EddieRUKiddingVarese said:


> I'm a Mac tragic, particularly anything Peter Green- My favorite guitarist of all time ( apart from Zappa) I too prefer the original FM and have all the early LP's and many Peter Green one and compilations . My favorite Peter Green tribute album being Rattlesnake Guitar, which covers/ tributes all the classic FM peter green tracks best being Snowy White doing Looking for Somebody (an old Fleetwood Mac Peter Green song). Gary Moore also did Blues for Greeny.


Very tasty. I also especially like the Snowy White/Looking for Somebody. Snowy White did nice work also on the Roger Waters _The Wall_ double CD.


----------



## Delicious Manager (Jul 16, 2008)

We're actually talking about three bands here who shared a wondrous rhythm section. Peter Green was that odd animal of the British, white, middle-class Jewish boy who could out-blues most of the Americans (how they hated that!). There are some truly CLASSIC tracks from those halcyon days. Later, in 1975, Mick Fleetwood recruited a talented unknown American West Coast guitarist called Lyndsay Buckingham, who insisted his equally unknown singer-songwriter girlfriend Stevie Nicks joined the band too (or he wouldn't join). And so one of the golden ages of high-quality AOR rock was born. Buckingham is one of the most underrated guitarists of all time and many people still don't realise just how good he is.

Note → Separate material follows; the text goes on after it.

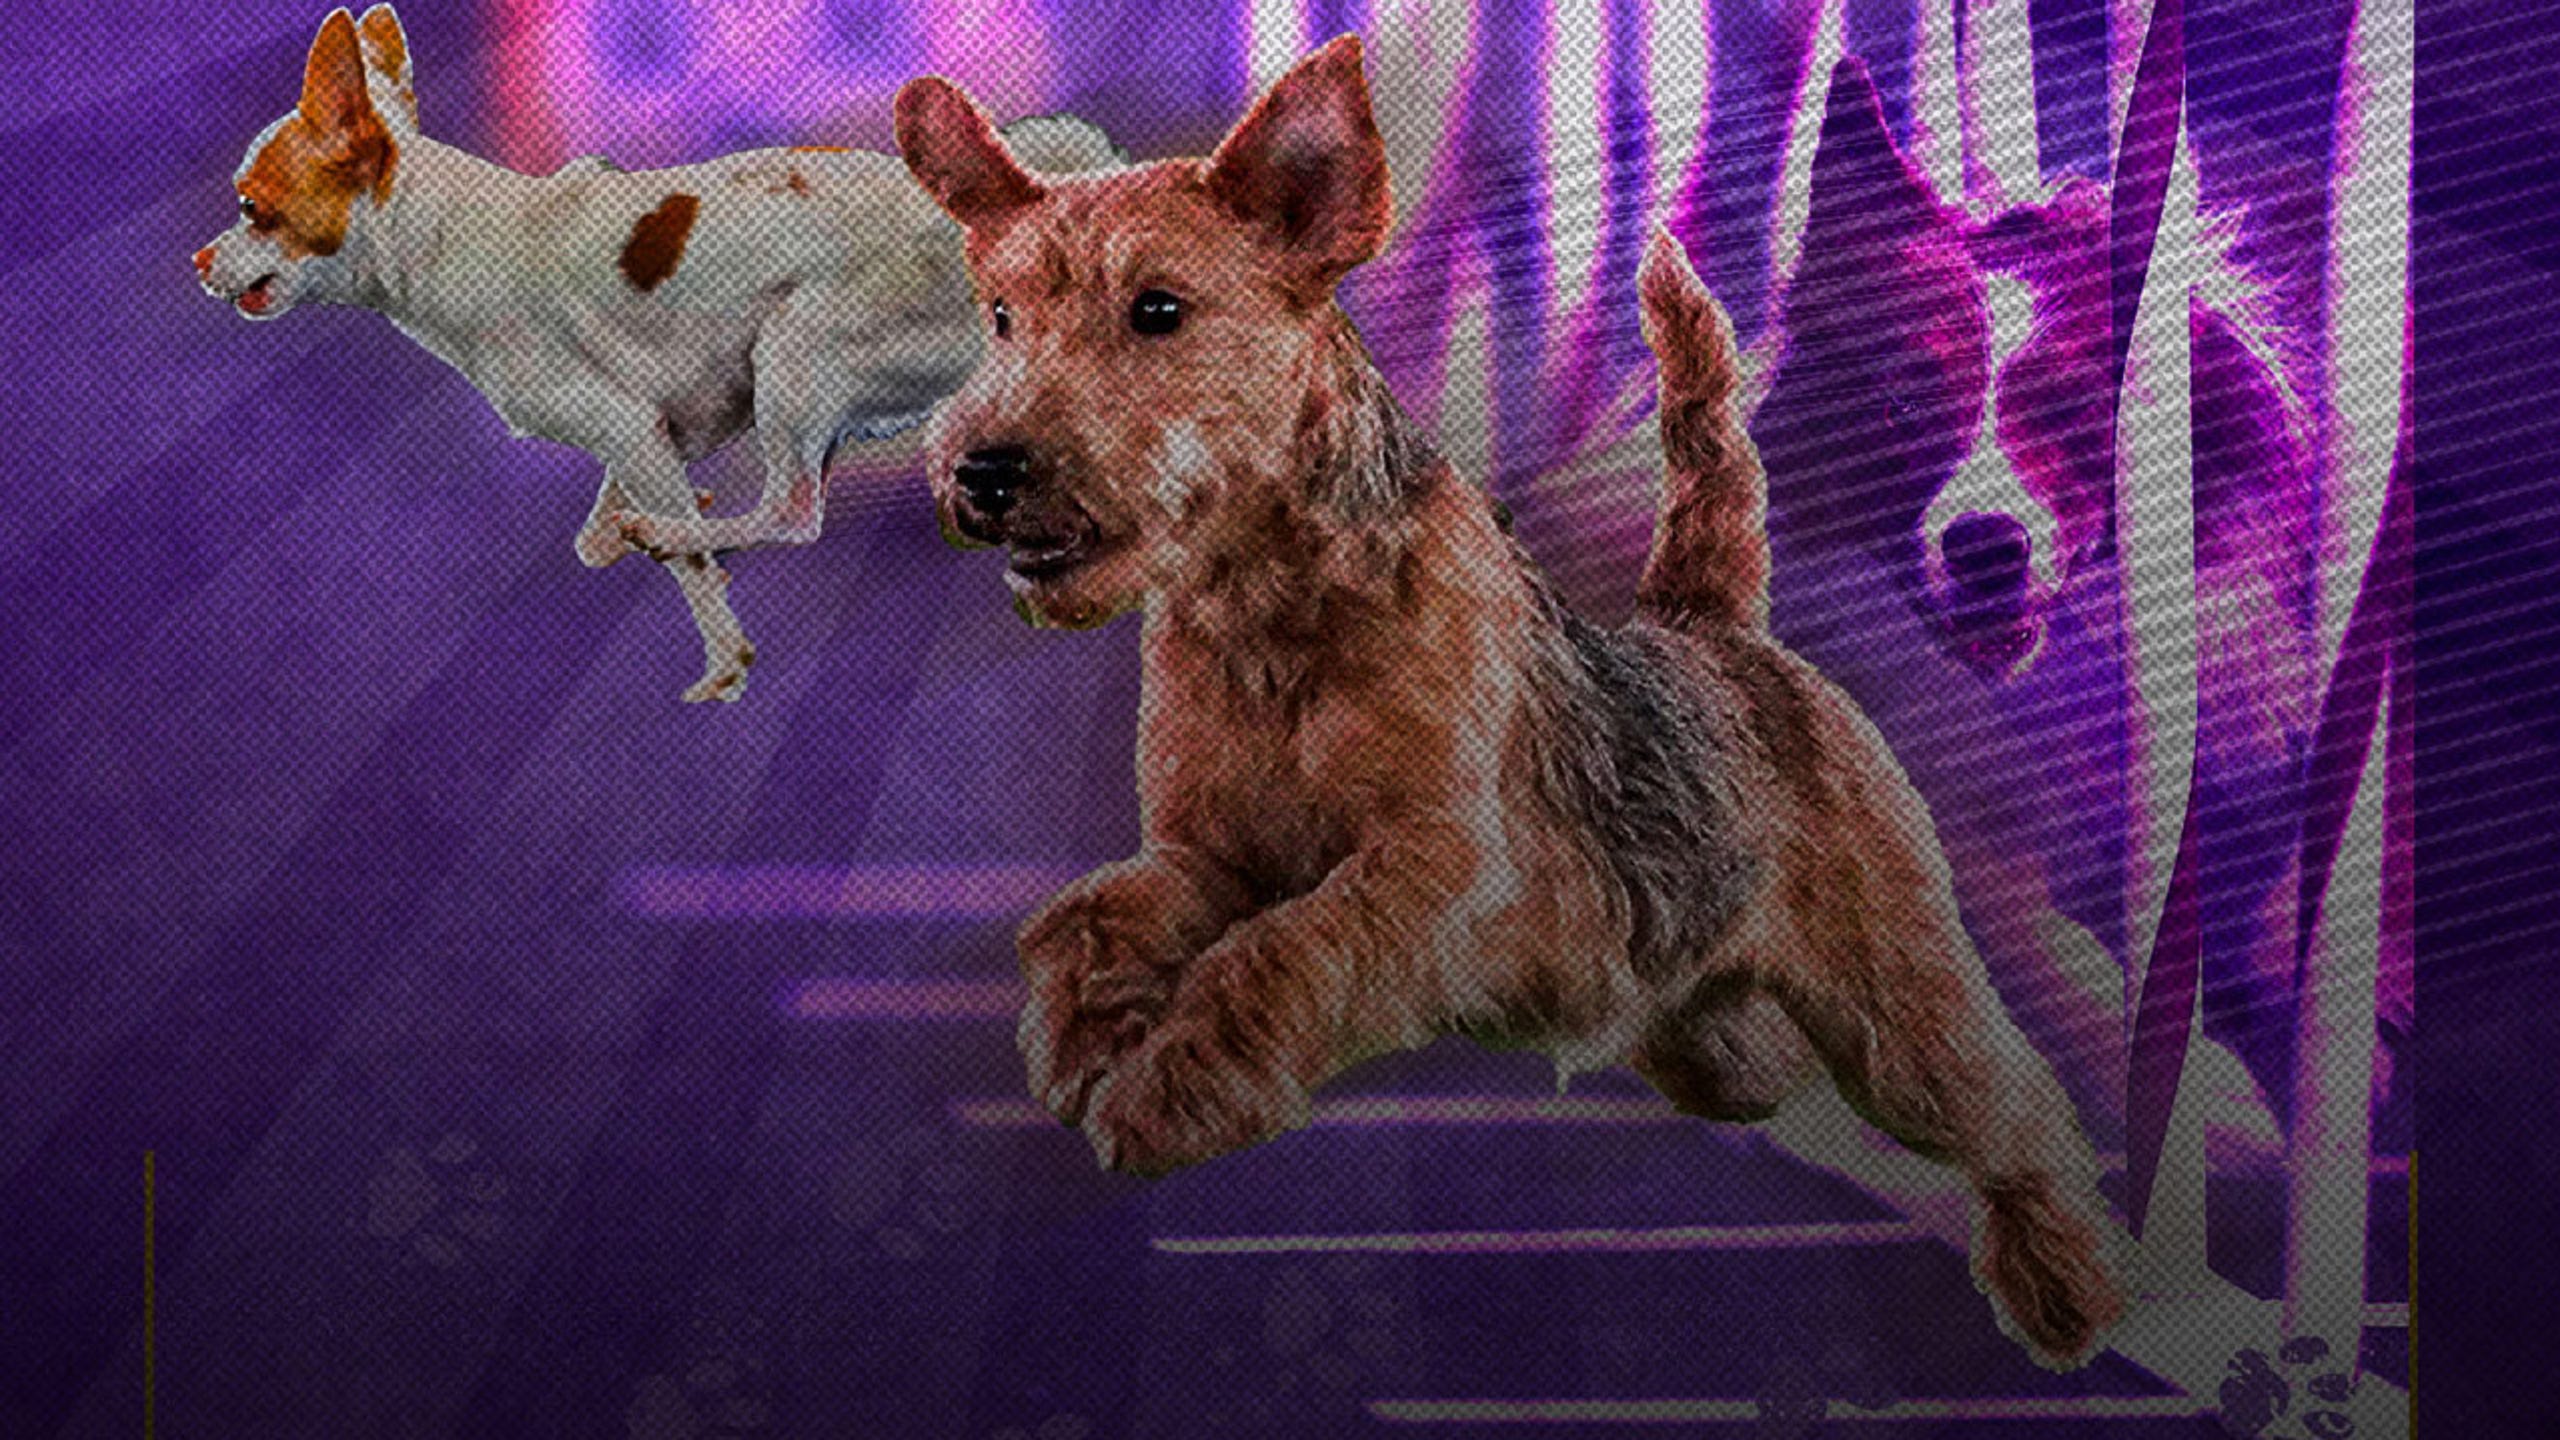 2021 Westminster Dog Show Agility Competition: Verb steals show as

In between those two incarnations was a brief period (1971-74) that stylistically formed a bridge between the two seemingly irreconcilable Fleetwood Macs - the Bob Welch era. Many people don't know anything about this version of Fleetwood Mac, or simply choose to ignore it. Those who *do* ignore it are missing a treat. Not only does it encompass the period when Christine McVie was honing her superb songwriting skills, but it includes some fine songs by Danny Kirwan and Bob Welch. This period spawned no fewer than five albums: _Future Games_ (1971), _Bare Trees_ (1972), _Penguin_ and _Mystery to Me_ (both 1973) and _Heroes Are Hard To Find_ (1974).
_Future Games_ included Christine McVie's first compositions for Fleetwood mac, including the lovely _Show Me a Smile_, which closes the album.

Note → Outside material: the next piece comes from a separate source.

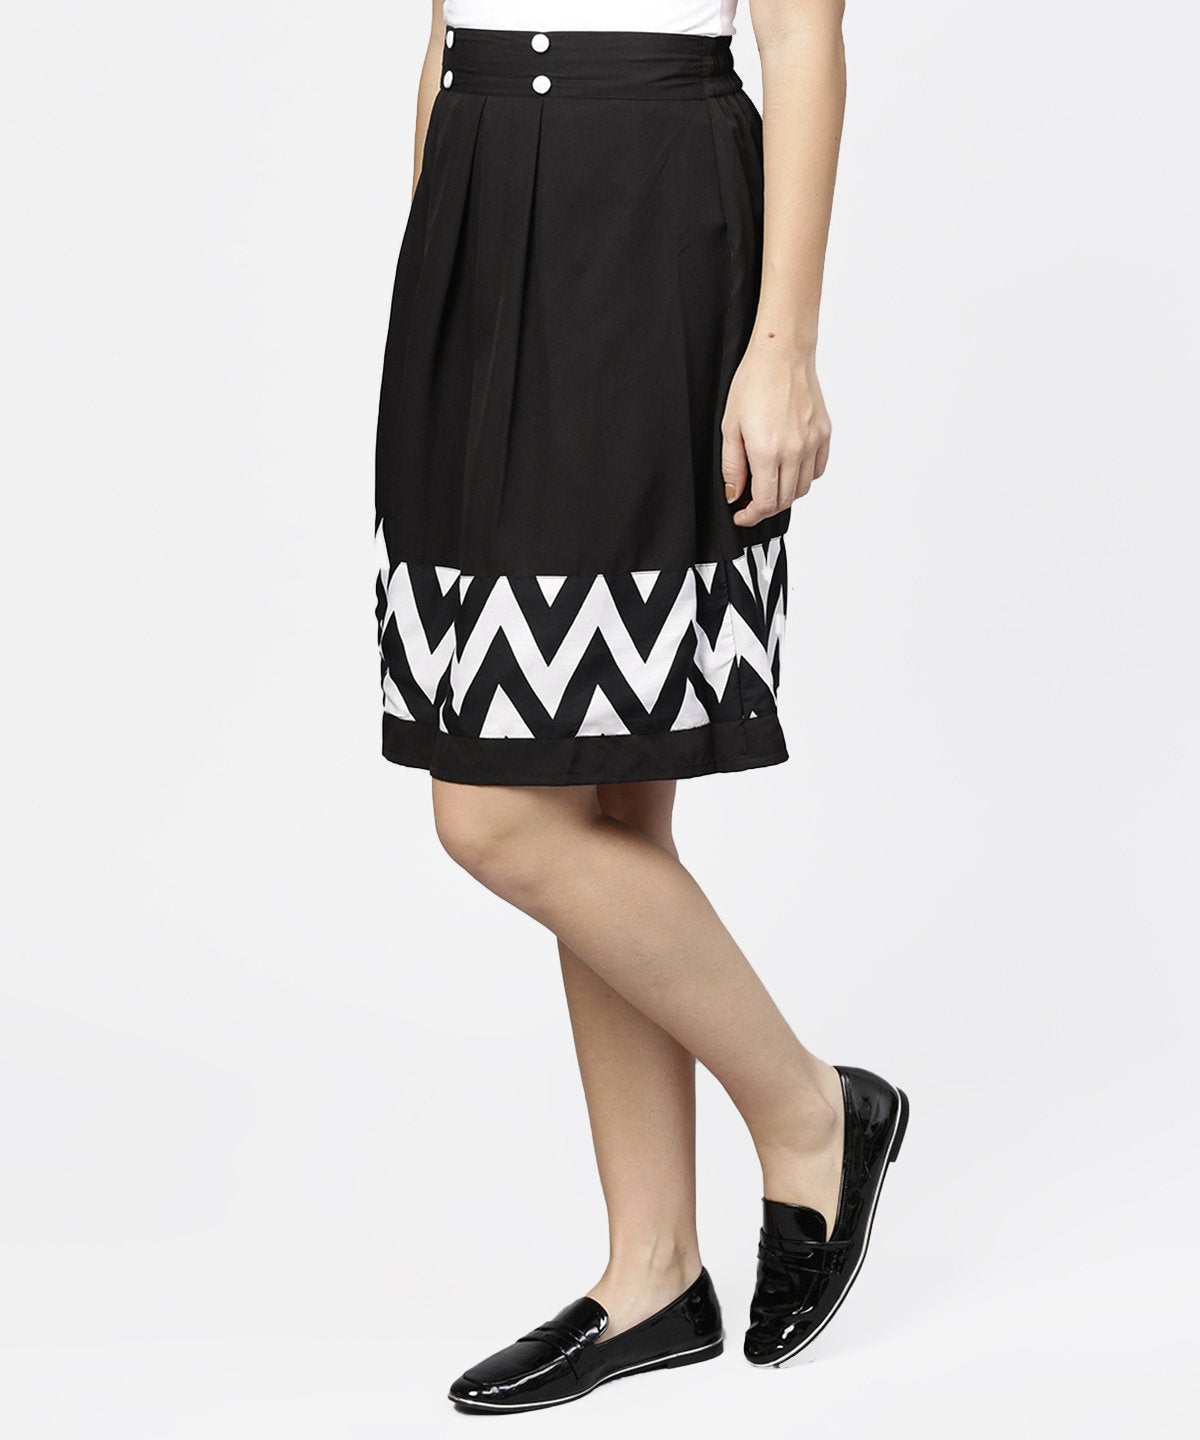 Women's Black & White Printed Flared Skirt With Button - Nayo Clothing

The album's title track (by newcomer Bob Welch) showed the new direction the band would take post-Peter Green:





_Bare Trees_ includes one of McVie's best songs which, if having appeared on a later Buckingham-Nicks-era album, would surely have been a hit.





The second of the 1973 albums, _Mystery to Me_, produced the Bob Welch classic _Hypnotized_





and another might-have-been-a-hit Christine McVie song. _Believe Me_





The last Welch-era album _Heroes Are Hard To Find_ is actually one of Fleetwood Mac's most consistent efforts prior to _Rumours_ and includes yet another wonderful McVie song in the title track (see next posting).


----------



## Delicious Manager (Jul 16, 2008)

Christine McVie's title track to the 1974 Fleetwood Mac album _Heroes Are Hard To Find_.


----------



## Strange Magic (Sep 14, 2015)

Delicious Manager, many thanks for the Bob Welch/Christine McVie selections--new to me. Several show McVie's songwriting skills, as you point out, prefiguring her later success with the Buckingham/Nicks FM. Others remind me of the later Jefferson Starship phase of the equally long and complex Jefferson Airplane/Jefferson Starship conglomeration, with a touch of the Grateful Dead here and there. Somebody could write an interesting book on the quasi-parallelism of the histories of FM and the Jefferson incarnations.


----------



## EddieRUKiddingVarese (Jan 8, 2013)

More classic older FM. This is a single, a good one from Danny that didn't chart..............


----------



## EddieRUKiddingVarese (Jan 8, 2013)

Now the B side from the single


----------



## Strange Magic (Sep 14, 2015)

Returning to the Buckingham/Nicks-era Fleetwood Mac, here is my very favorite _Rhiannon_, very much live, with additional lyrics that I can't find written down on the Internet ("never in a million years", etc.). If anyone can provide these lyrics, I would appreciate it.....


----------



## elgar's ghost (Aug 8, 2010)

I appreciate the musicianship and song-writing abilities of the Nicks-Buckingham line-up but, apart from some of the _Tusk_ album, it leaves me cold. I can't comment on the Bob Welch era as I haven't knowingly heard anything. Fleetwood Mac for me was, is and always will be the band that Peter Green was in.


----------



## EddieRUKiddingVarese (Jan 8, 2013)

And now Neil Finn and Mike Campbell have replaced Lindsay. How many guitarists does that make now, surely a record number. Remember Billy Burnette, Rick Vito, Bob Weston and Dave Mason have all been previous guitarists too, I count 13. 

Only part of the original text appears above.